A blood test may be able to predict early cognitive decline in people with Parkinson’s disease by measuring the length of chromosomal telomeres (the “tips” of chromosomes) in immune cells and the presence of inflammatory markers, a study shows.

The study, “Senescence and Inflammatory Markers for Predicting Clinical Progression in Parkinson’s Disease: The ICICLE-PD Study,” was published in the IOS Press Journal of Parkinson’s Disease.

Cognitive impairment is a well-known non-motor symptom of Parkinson’s disease. Biological markers identifying those at highest risk of early cognitive decline may help better predict disease progression of newly diagnosed Parkinson’s patients. 

Telomeres are a protective region of DNA at the end of each chromosome that facilitates proper genome replication. As people age, the ends of telomeres shorten with each cell division. Telomere shortening and dysfunction can also be indicators of disease processes in the brain.

However, studies that have used telomere length as a marker for Parkinson’s incidence and progression have reported conflicting results. 

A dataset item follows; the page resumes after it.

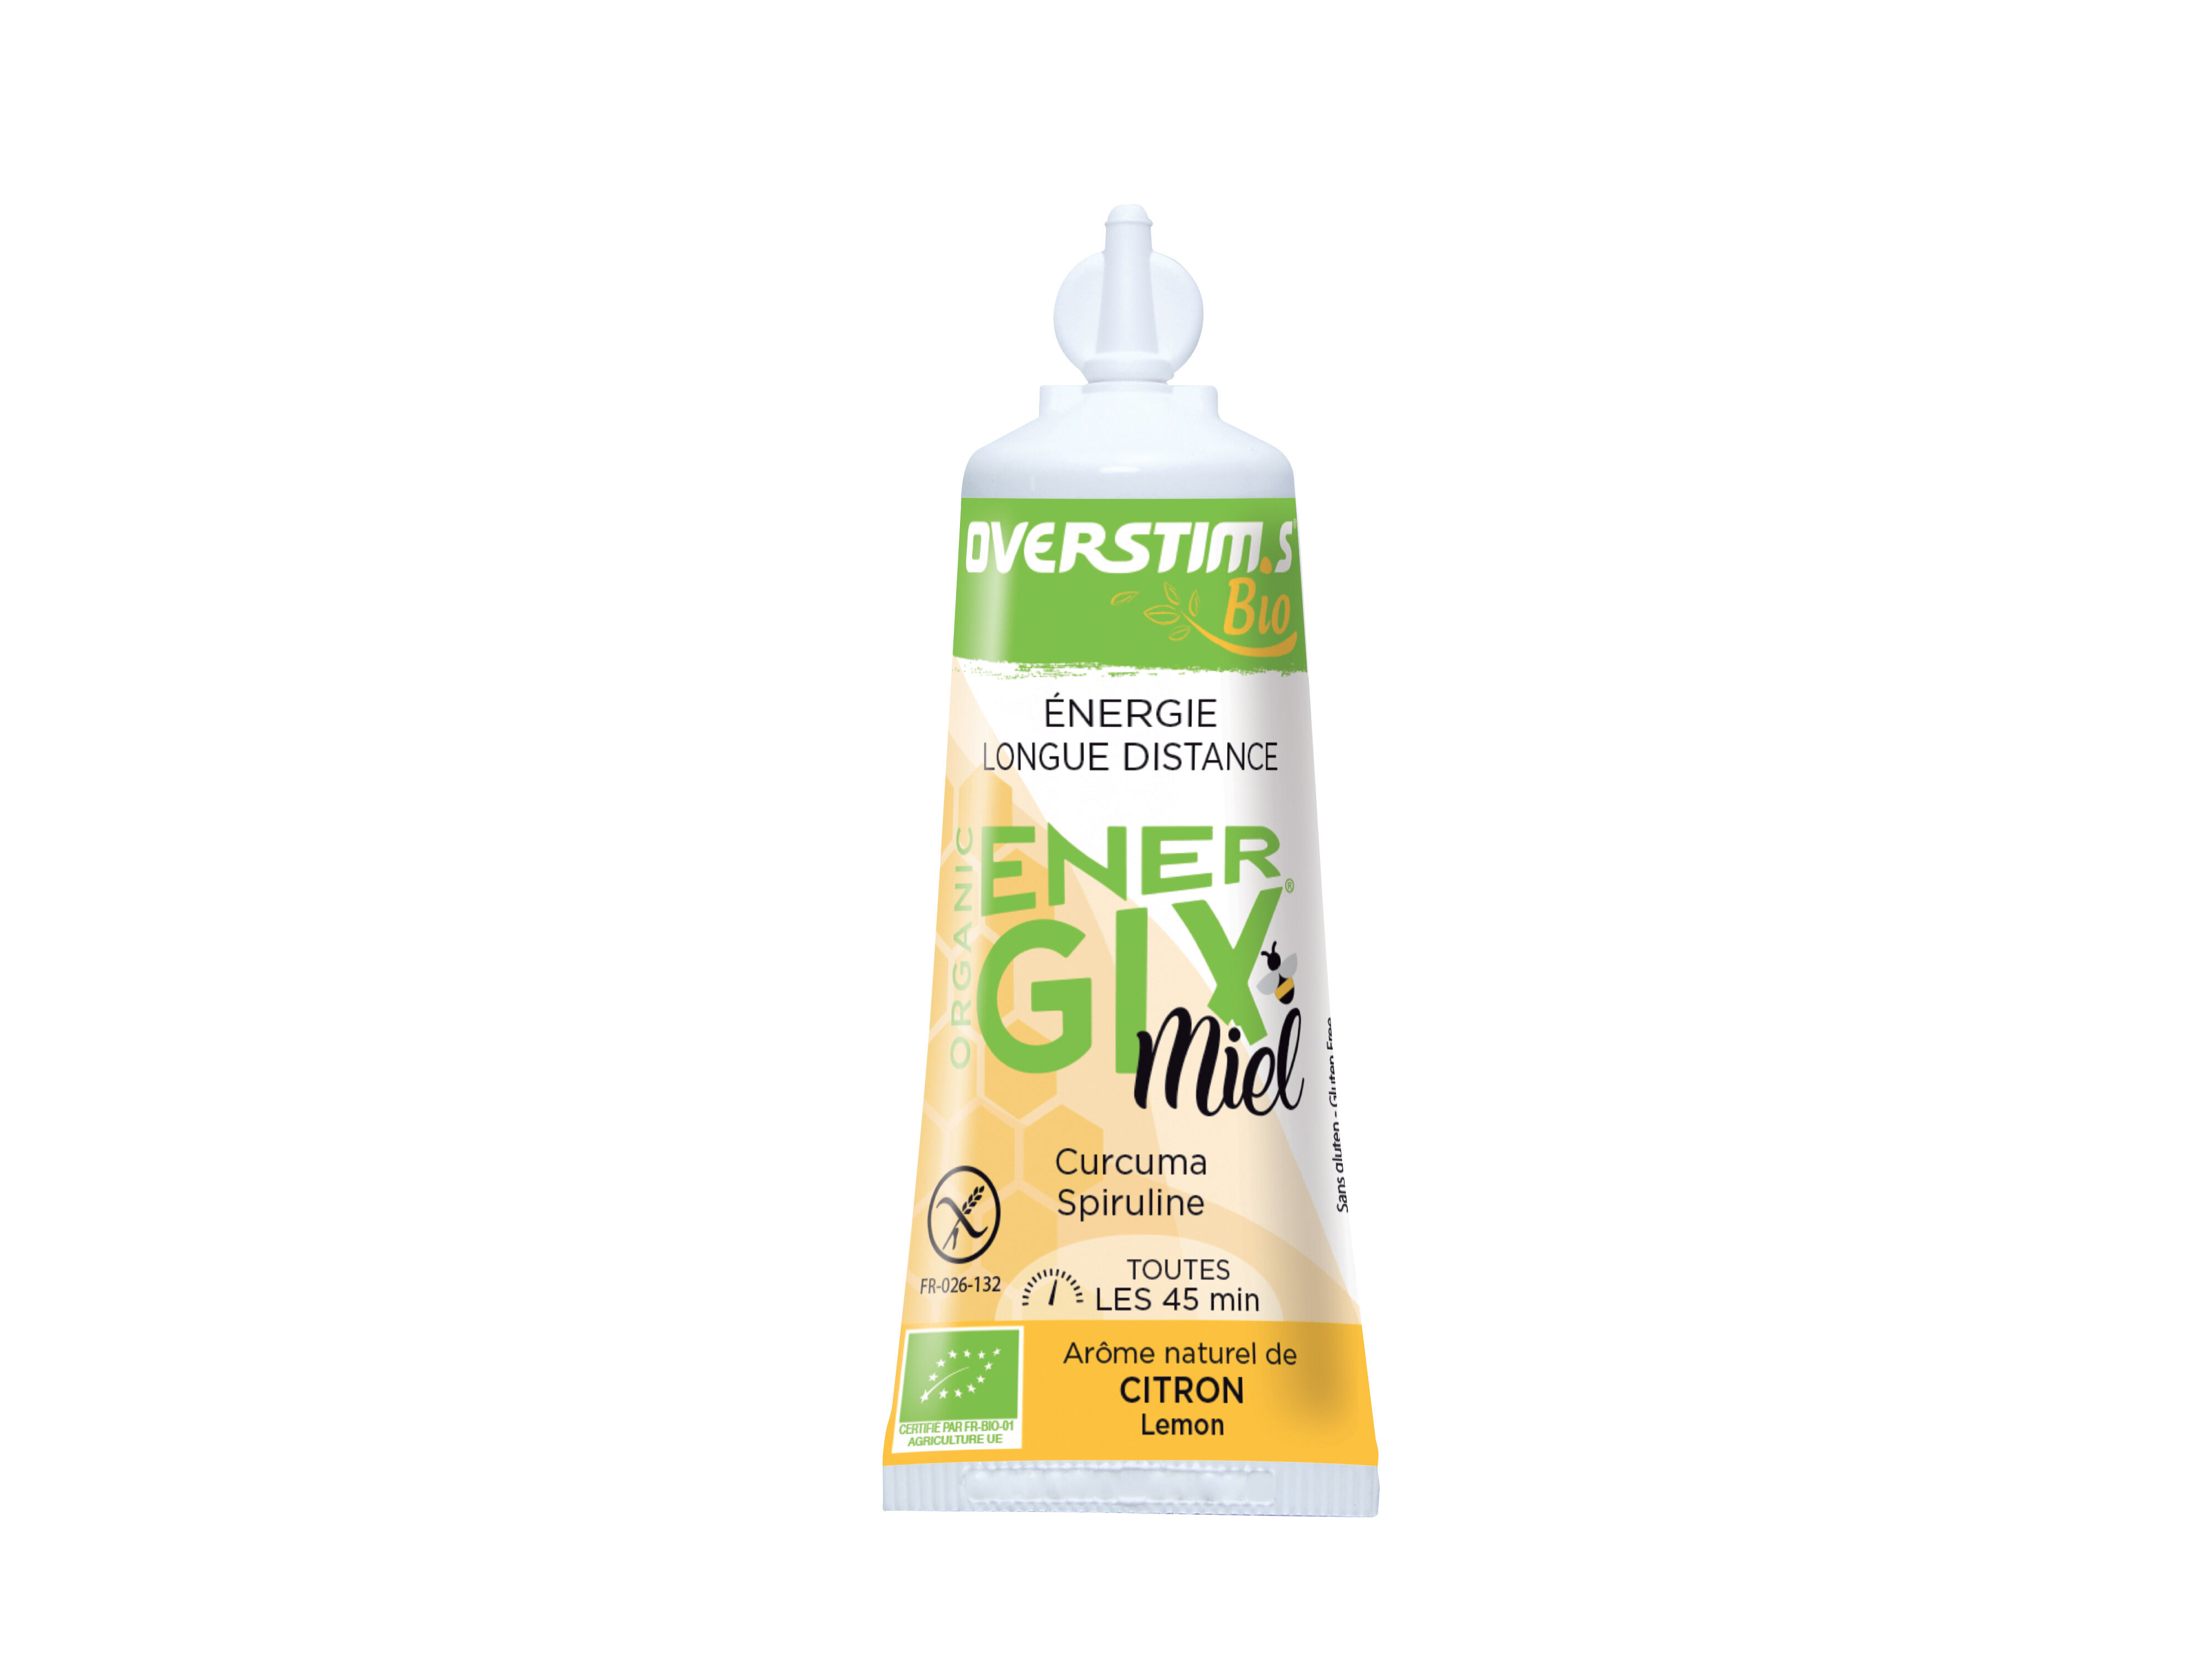 Overstim.s Energix Miel Bio - Energy gels

Telomere shortening in humans can also trigger cellular senescence, a process characterized by the irreversible shutdown of cell division, and the release of pro-inflammatory signaling proteins and tumor-suppressor proteins such as p21 and p16

The senescence of different types of brain cells is associated with neurodegeneration and inflammation, and while the potential of both p21 and p16 as biomarkers for age-related diseases has been investigated, their use as markers for Parkinson’s disease progression and early cognitive decline has not been explored. 

Thus, researchers based at Newcastle University, in the United Kingdom, designed a three-year study to compare the length of immune cell telomeres isolated from newly diagnosed Parkinson’s patients and healthy controls over time. The team also examined whether blood-derived markers of cell senescence and inflammation are associated with cognitive and motor function. 

The authors previously published work in 2016 about the Incidence of Cognitive Impairments in Cohorts with Longitudinal Evaluation-Parkinson’s Disease (ICICLE-PD) study, which found that inflammatory markers in the blood measured at diagnosis were linked to more rapid cognitive and motor decline.

Continuing this line of investigation, the team studied 154 newly diagnosed Parkinson’s patients who had been part of the ICICLE-PD study, along with 99 age- and gender-matched control subjects. The average age of both groups was around 67 years. 

The participants were assessed at 18-month intervals in which demographic information, blood samples, and cognitive and clinical data were collected. The average telomere length in immune cells and senescence markers p21 and p16 were measured at two time points, baseline and 18 months. An additional five inflammatory markers were also included from the first ICICLE-PD study.

The results revealed that Parkinson’s patients had significantly shorter telomere length at baseline compared to controls, and their telomere length shortened faster over the 18-month period. 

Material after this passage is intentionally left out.